Fig. 3 Gibbs free energy curve of hydride precipitation. (a) The Gibbs free energy of each Zr atom in HCP and FCT structures varies with hydrogen concentration and stress. (b) Effect of dislocation emission on Zr Gibbs free energy curves of hydride and parent phase. The red curve is α- Gibbs free energy curve of Zr, when hydride grows, α- The tensile stress is accumulated in Zr, Gibbs free energy is reduced, and hydrogen α- The solubility in Zr increases; When the dislocation is emitted, the stress is released, and the hydrogen α- The solubility in Zr decreases, promoting hydride interface migration. (c) The change of hydride length with time and its growth rate curve. (d) Hydrogen concentration and hydrogen concentration gradient at the interface before and after dislocation emission.

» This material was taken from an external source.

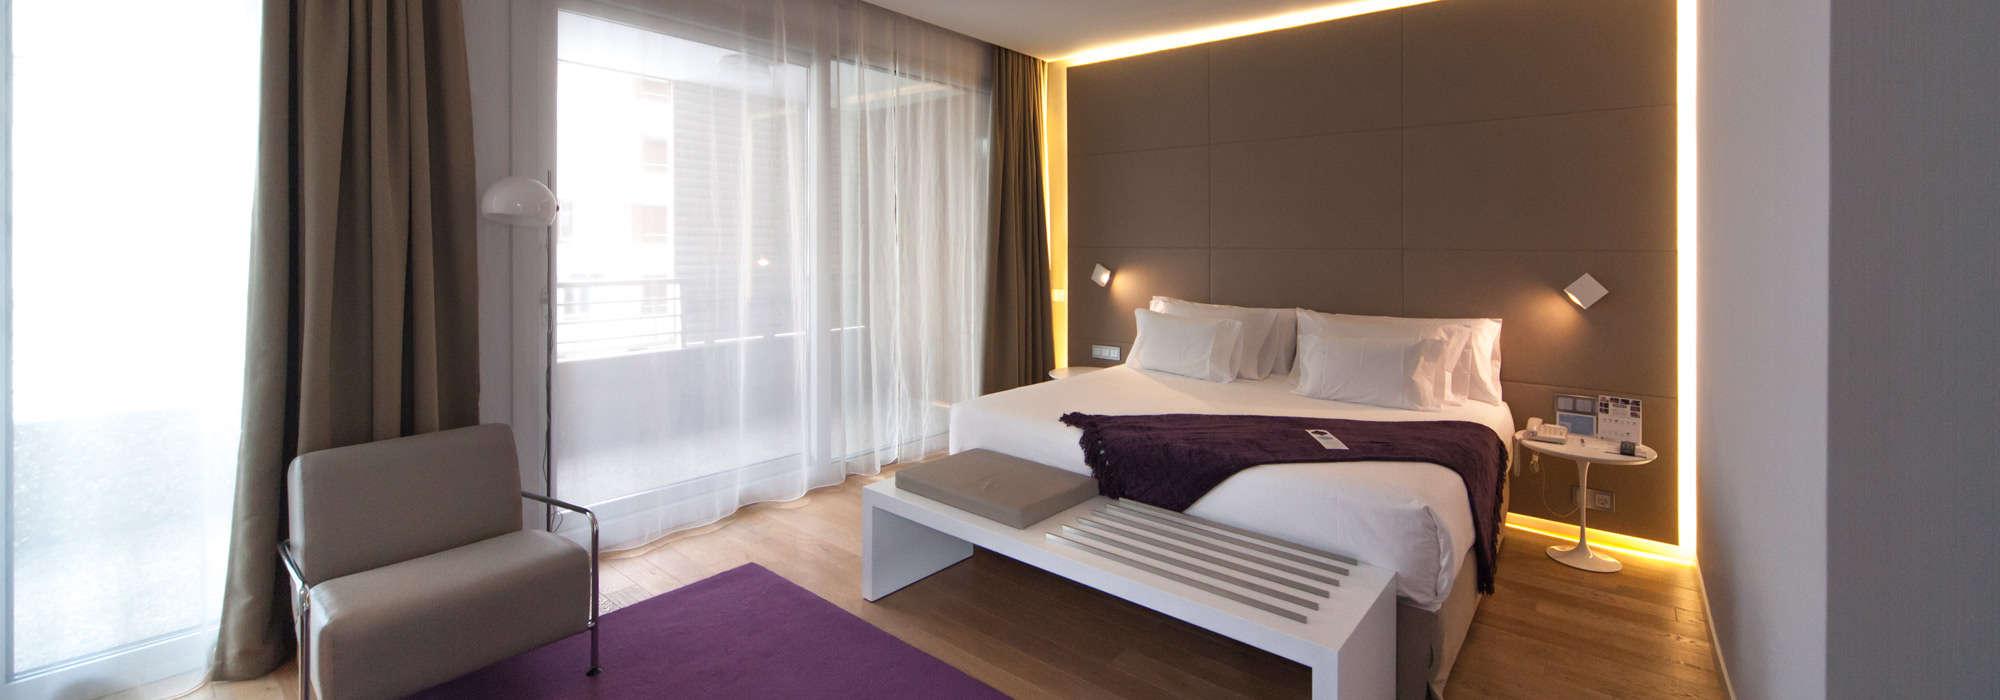 Illuminazione Facciate Hotel: Illuminazione facciate hotel le atmosfere luminose per il giardino.

In a word, zirconium hydride precipitation is a mixed phase transition process jointly controlled by dislocation emission and hydrogen diffusion. The precipitation of zirconium hydride causes the tensile stress in the surrounding zirconium matrix, which promotes the enrichment of hydrogen towards the hydride tip, but the tensile stress increases the solid solubility of hydrogen, which is not conducive to further phase transformation; The dislocation emission releases the tensile stress in the zirconium matrix, reduces the solid solubility of hydrogen, and promotes the growth of zirconium hydride; The growth rate of zirconium hydride after dislocation emission shows the characteristics of first fast and then slow, which is due to the tensile stress in the zirconium matrix and the internal compressive stress in the hydride gradually increase due to the further precipitation of zirconium hydride, until the phase transformation is completely suppressed. The volume expansion stress of zirconium hydride precipitates excites multiple slip systems in the zirconium matrix, and the dislocation interaction on multiple slip systems forms a complex bird's nest or butterfly like dislocation structure around the hydride.

The research results were published in the academic journal Small under the title of "Distribution Mediated Hydraulic Precision in Zirconium", with an impact factor of 13.281. Liu Siming, a doctoral student, is the first author of the paper, and Professor Han Weizhong is the first corresponding author of the paper. The collaborators include Dr. Akio Ishii, Professor Mi Shaobo, Professor Shigenobu Ogata and Professor Li Ju.